ClassificationHead computes cross entropy loss given the logits and targets. It does not take any arguments.

It inputs a FeatureVector of logits, where the channel dimension size must match the number of classes. It outputs the class probabilities after applying softmax on those input logits. It also produces a loss dict with one key, "cls", containing the softmax cross entropy loss.

PerPixelRegressionHead

PerPixelRegressionHead computes a per-pixel regression loss (MSE, L1, or Huber). It is configured like this:

        decoder:
          # ...
          - class_path: rslearn.train.tasks.per_pixel_regression.PerPixelRegressionHead
            init_args:
              # The loss function to use: "mse" (default), "l1", or "huber".
              loss_mode: "mse"
              # Optional: delta for Huber loss (only used when loss_mode="huber").
              huber_delta: 1.0
              # Whether to apply a sigmoid activation on the output. This requires the
              # targets to be between 0-1. Otherwise, the previous output is
              # unmodified.
              use_sigmoid: false

It inputs a FeatureMaps, which must contain a single feature map consisting of the predicted values at each pixel. If use_sigmoid is false, those should correspond to the scaled values (actual value multiplied by the scale factor configured in the task).

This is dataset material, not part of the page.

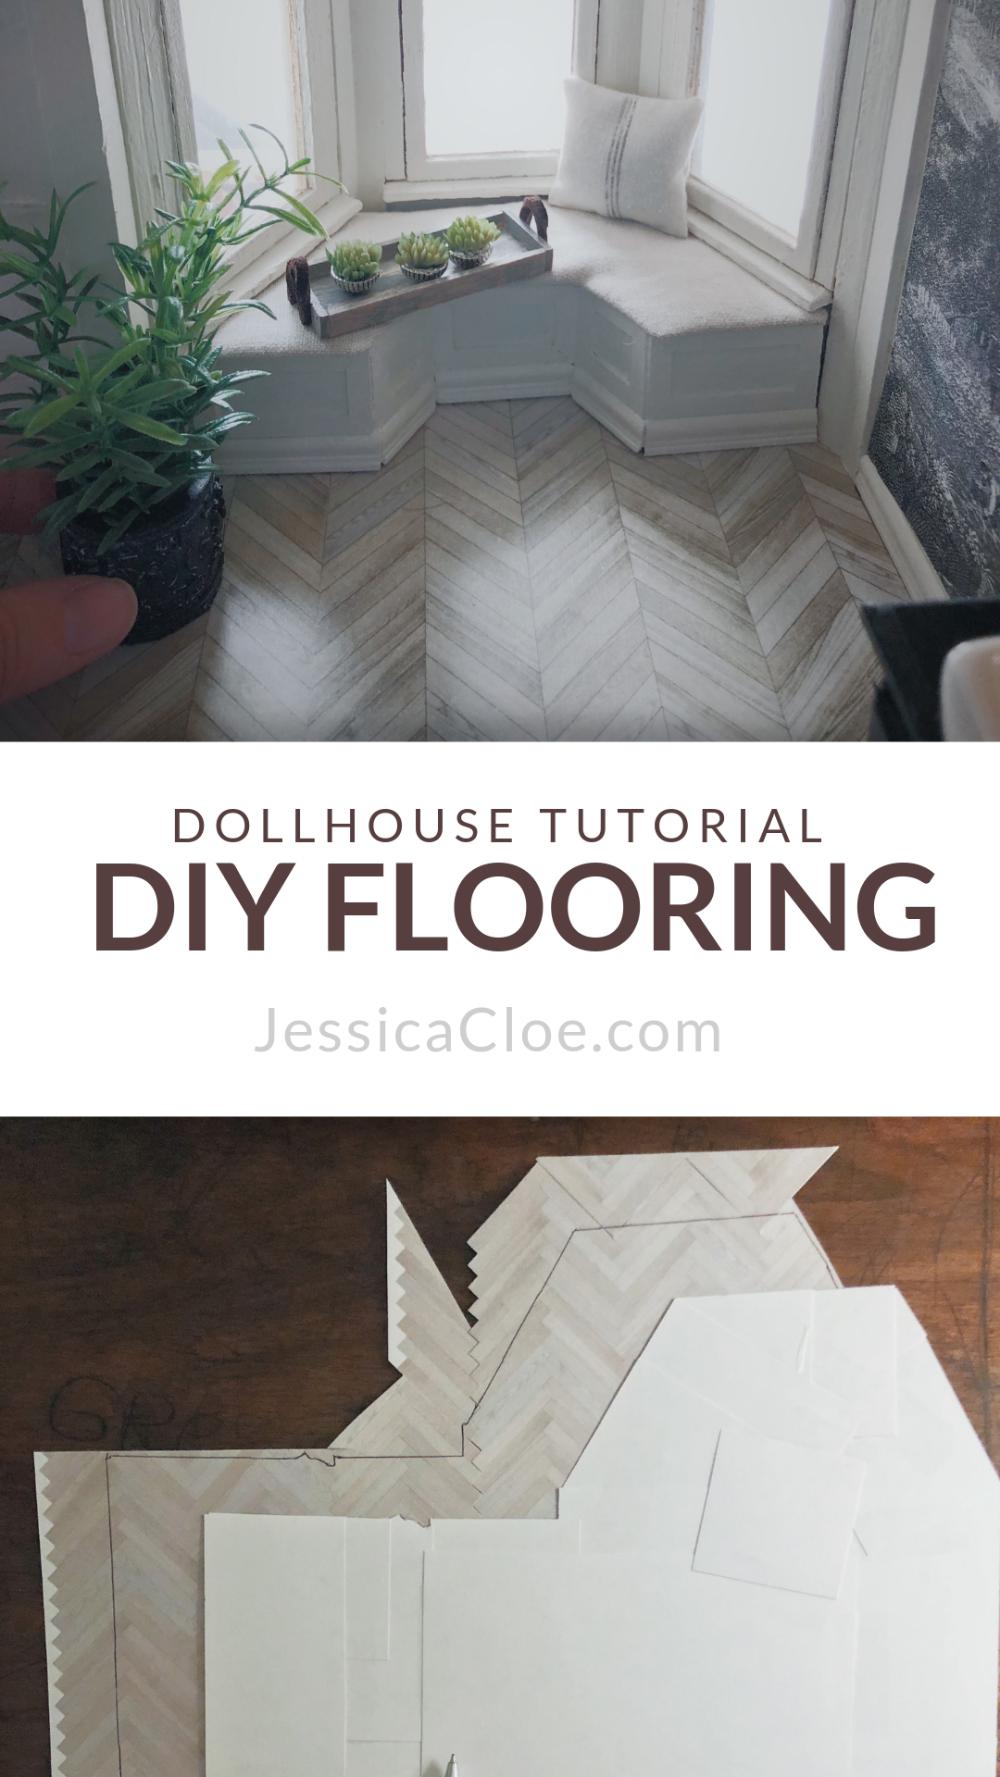 Sizing Your Dollhouse Floor — Jessica Cloe Miniatures

It outputs the scaled values as a BHW tensor. It also produces a loss dict with one key, "regress", containing the configured regression loss.

RegressionHead

RegressionHead computes a regression loss (MSE, L1, or Huber). It is configured like this:

        decoder:
          # ...
          - class_path: rslearn.train.tasks.regression.RegressionHead
            init_args:
              # The loss function to use: "mse" (default), "l1", or "huber".
              loss_mode: "mse"
              # Optional: delta for Huber loss (only used when loss_mode="huber").
              huber_delta: 1.0
              # Whether to apply a sigmoid activation on the output. This requires the
              # targets to be between 0-1. Otherwise, the previous output is
              # unmodified.
              use_sigmoid: false

It inputs a FeatureVector containing the predicted values for each example in the batch. If use_sigmoid is false, those should correspond to the scaled values (actual value multiplied by the scale factor configured in the task).

It outputs the scaled values as a single-dimension tensor. It also produces a loss dict with one key, "regress", containing the configured regression loss.

SegmentationHead

SegmentationHead computes cross entropy loss given the logits and targets. It does not take any arguments.

It inputs a FeatureMaps, which must contain a single feature map of logits, with the channel dimension size matching the number of classes. It outputs the class probabilities after applying softmax on those input logits. It also produces a loss dict with one key, "cls", containing the softmax cross entropy loss.